GPU Support: All features shown above (importance, local importance, proximity, case-wise/non-case-wise) are available with GPU acceleration! Simply set use_gpu=True. For large-scale proximity matrices, add use_qlora=True with quant_mode="int8" for memory-efficient computation.
Best Practices
Recommended Tree Counts
For complete proximity-based analysis (>95% MDS coverage), follow these tree-to-sample ratios:
| Dataset Size | Trees:Sample Ratio | Example | Training Time |
|---|---|---|---|
| < 500 | 8-10× | 200 samples → 1,500-2,000 trees | Seconds |
| 500-2K | 6-8× | 1K samples → 6K-8K trees | Minutes |
| 2K-10K | 5-7× | 5K samples → 25K-35K trees | Tens of minutes |
| 10K-50K | 3-5× | 20K samples → 60K-100K trees | GPU recommended |
| 50K+ | 3-4× | 100K samples → 300K-400K trees | GPU + QLORA required |
Quick rule: Start with 5× your sample size for 90-95% coverage, scale up to 8-10× for >98% coverage on small datasets.
Why more trees for proximity? Each sample needs sufficient out-of-bag occurrences (~500+) and co-occurrences with other samples to build reliable pairwise similarities. Standard classification requires fewer trees (100-500), but proximity-based analysis (MDS, clustering, outlier detection) benefits from higher tree counts.
Checking coverage:
mds = model.compute_mds_from_factors(k=3)
valid = np.sum(np.all(np.isfinite(mds), axis=1))
coverage = 100 * valid / len(y)
print(f"MDS coverage: {coverage:.1f}% ({valid}/{len(y)} samples)")
If coverage is <90%, increase tree count by 1.5-2× for complete analysis.
When to Use QLORA vs. Full Matrix
CRITICAL: QLORA is designed for large datasets where full proximity matrices are impossible.

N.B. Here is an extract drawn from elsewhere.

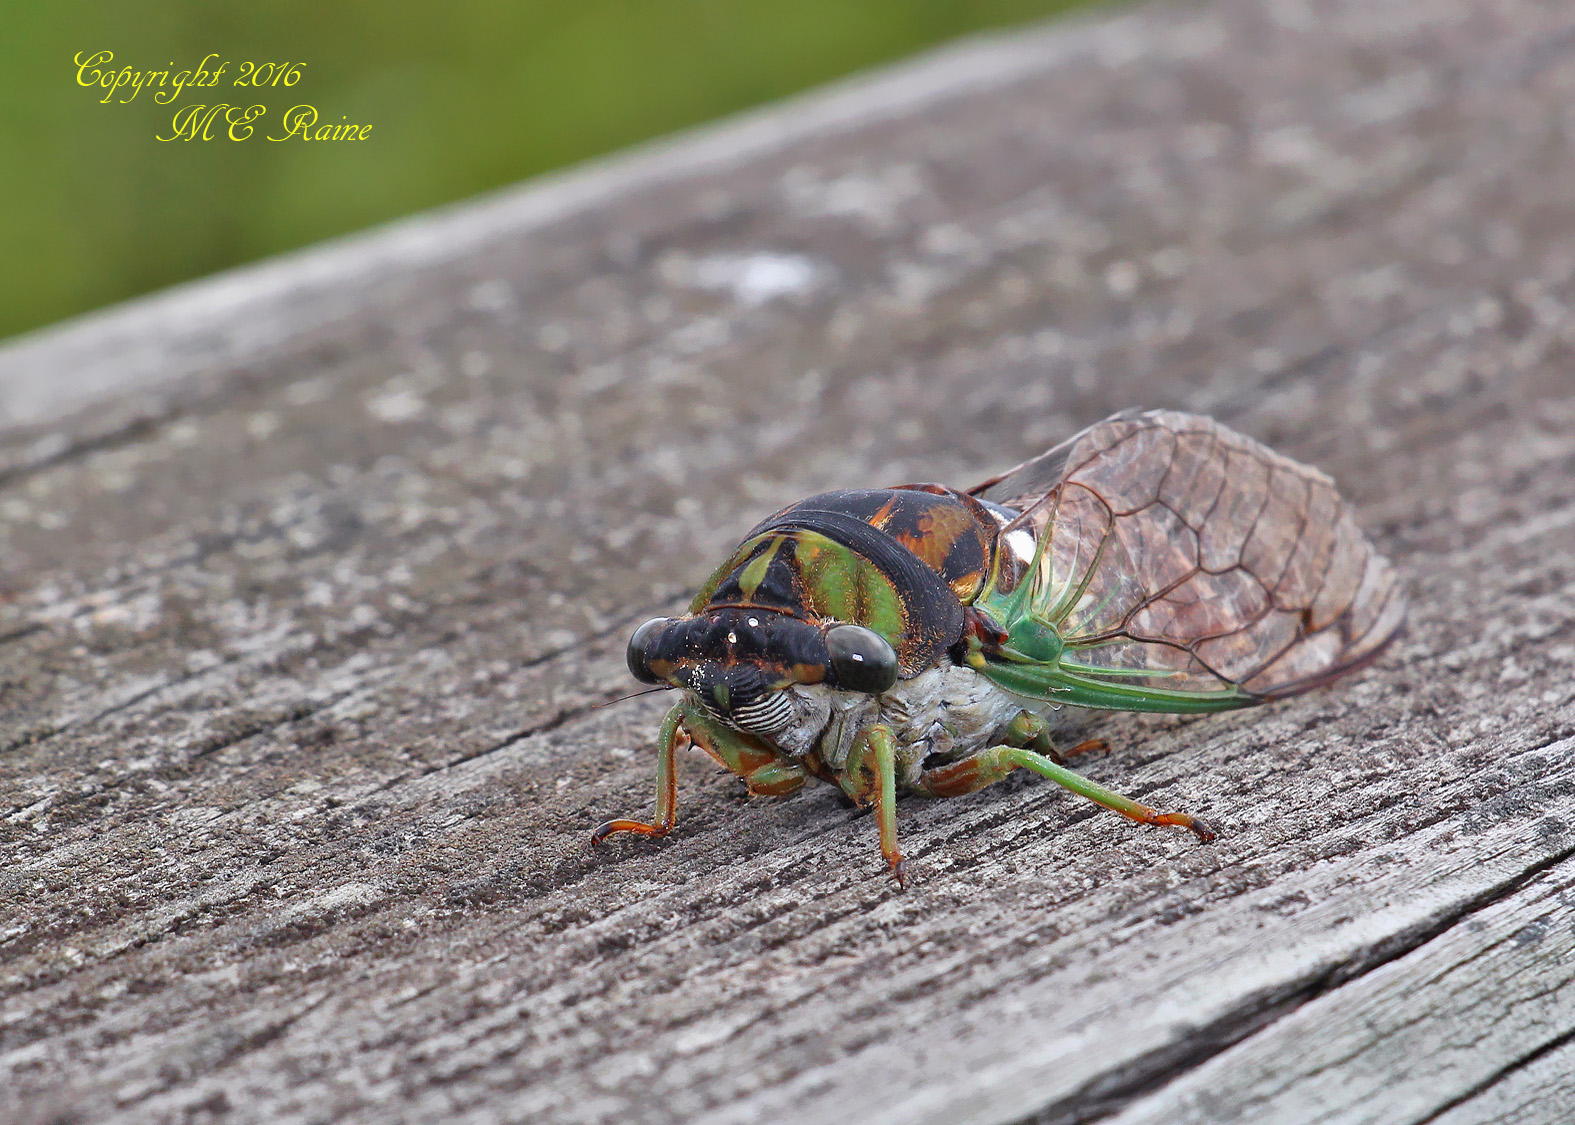 Cicada Dogday Harvestfly 001bf MCM Mdwlnds NJ 090316 OK FLICKR

For small datasets, use the full matrix instead.
| Dataset Size | Full Matrix Memory | Recommendation |
|---|---|---|
| < 5,000 | < 190 MB | DON'T use QLORA - Use full matrix (use_qlora=False) |
| 5K-20K | 0.2-3 GB | ~ Optional - Full matrix may fit in RAM |
| 20K-50K | 3-20 GB | Use QLORA with rank=200-500 |
| 50K-100K | 20-75 GB | MUST use QLORA with rank=100-200 |
| 100K+ | 75+ GB | MUST use QLORA with rank=100-150 |
Why avoid QLORA on small datasets?
QLORA uses low-rank approximation ($P \approx AB^T$) which is updated in round-robin fashion when rank is reached. For small datasets:
- Wine (178 samples): With rank=100 and 1500 trees, each column is overwritten 15× → signal dilution → only 60% unique MDS points
- Without QLORA: Full 178×178 matrix (247 KB) → 100% perfect MDS quality
For large datasets, QLORA is essential:
- 100K samples: Full matrix = 74.5 GB (impossible!) vs. rank-100 QLORA = 19 MB (4000× compression)
- 200K samples: Full matrix = 298 GB (impossible!) vs. rank-100 QLORA = 38 MB (8000× compression)
Choosing rank for QLORA:
# Rule of thumb: rank ≈ ntree (so each column sees 1 tree)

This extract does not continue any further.